Open-Access: This article is an open-access article that was selected by an in-house editor and fully peer-reviewed by external reviewers. It is distributed in accordance with the Creative Commons Attribution NonCommercial (CC BY-NC 4.0) license, which permits others to distribute, remix, adapt, build upon this work non-commercially, and license their derivative works on different terms, provided the original work is properly cited and the use is non-commercial. See: https://creativecommons.org/Licenses/by-nc/4.0/
Corresponding author: Abdulqadir J Nashwan, MSc, Research Scientist, Department of Nursing, Hamad Medical Corporation, Rayyan Road, Doha 3050, Qatar. anashwan@hamad.qa
Received: February 26, 2024 Revised: April 4, 2024 Accepted: April 18, 2024 Published online: June 16, 2024 Processing time: 98 Days and 22.4 Hours
Abstract
Artificial intelligence (AI), particularly machine learning (ML) and deep learning (DL) techniques, such as convolutional neural networks (CNNs), have emerged as transformative technologies with vast potential in healthcare.
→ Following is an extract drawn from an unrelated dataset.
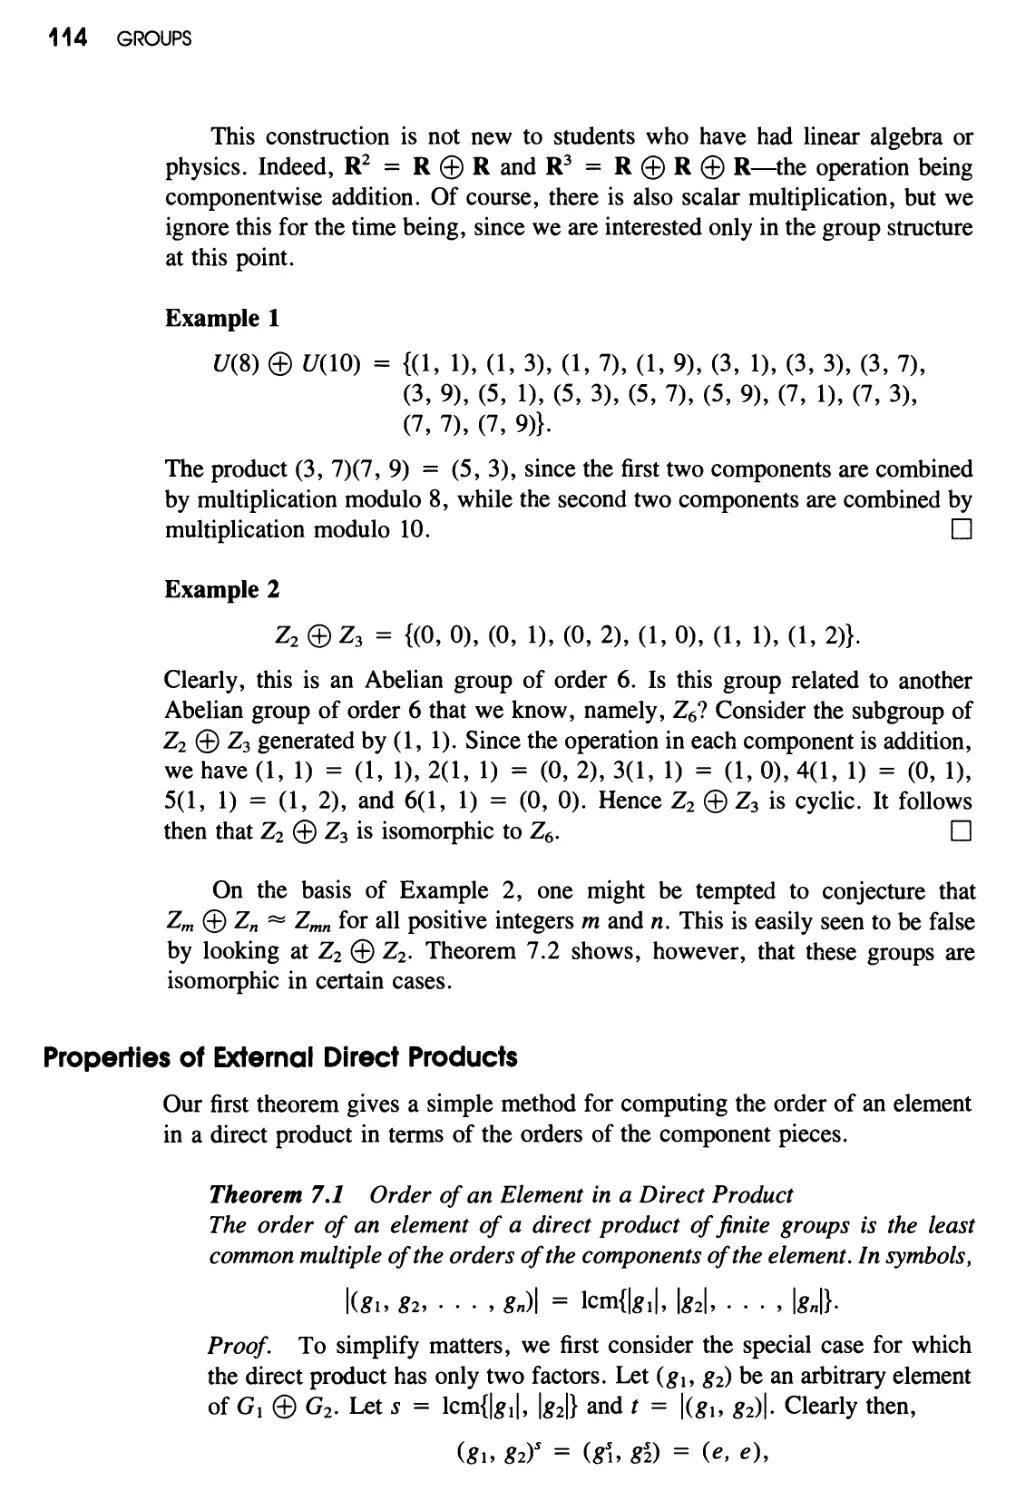 Properties of External Direct Products

Body iron load is usually assessed using slightly invasive blood tests (serum ferritin, serum iron, and serum transferrin). Serum ferritin is widely used to assess body iron and drive medical management; however, it is an acute phase reactant protein offering wrong interpretation in the setting of inflammation and distressed patients. Magnetic resonance imaging is a non-invasive technique that can be used to assess liver iron. The ML and DL algorithms can be used to enhance the detection of minor changes. However, a lack of open-access datasets may delay the advancement of medical research in this field. In this letter, we highlight the importance of standardized datasets for advancing AI and CNNs in medical imaging. Despite the current limitations, embracing AI and CNNs holds promise in revolutionizing disease diagnosis and treatment.
Core Tip: This editorial emphasizes the revolutionary impact of artificial intelligence (AI), particularly machine learning and deep learning techniques like convolutional neural networks (CNNs), in healthcare. Highlighting the limitations of traditional, slightly invasive blood tests for assessing body iron load, it advocates for magnetic resonance imaging 's non-invasive advantages. The editorial underscores the critical role of AI and CNNs in improving disease diagnosis and treatment, especially through the precise detection of minor changes in liver iron levels. However, it points out the significant hurdle of lacking open-access datasets, which hampers medical research progress. The call for standardized datasets is a crucial step towards leveraging AI in medical imaging, promising to transform patient care and management.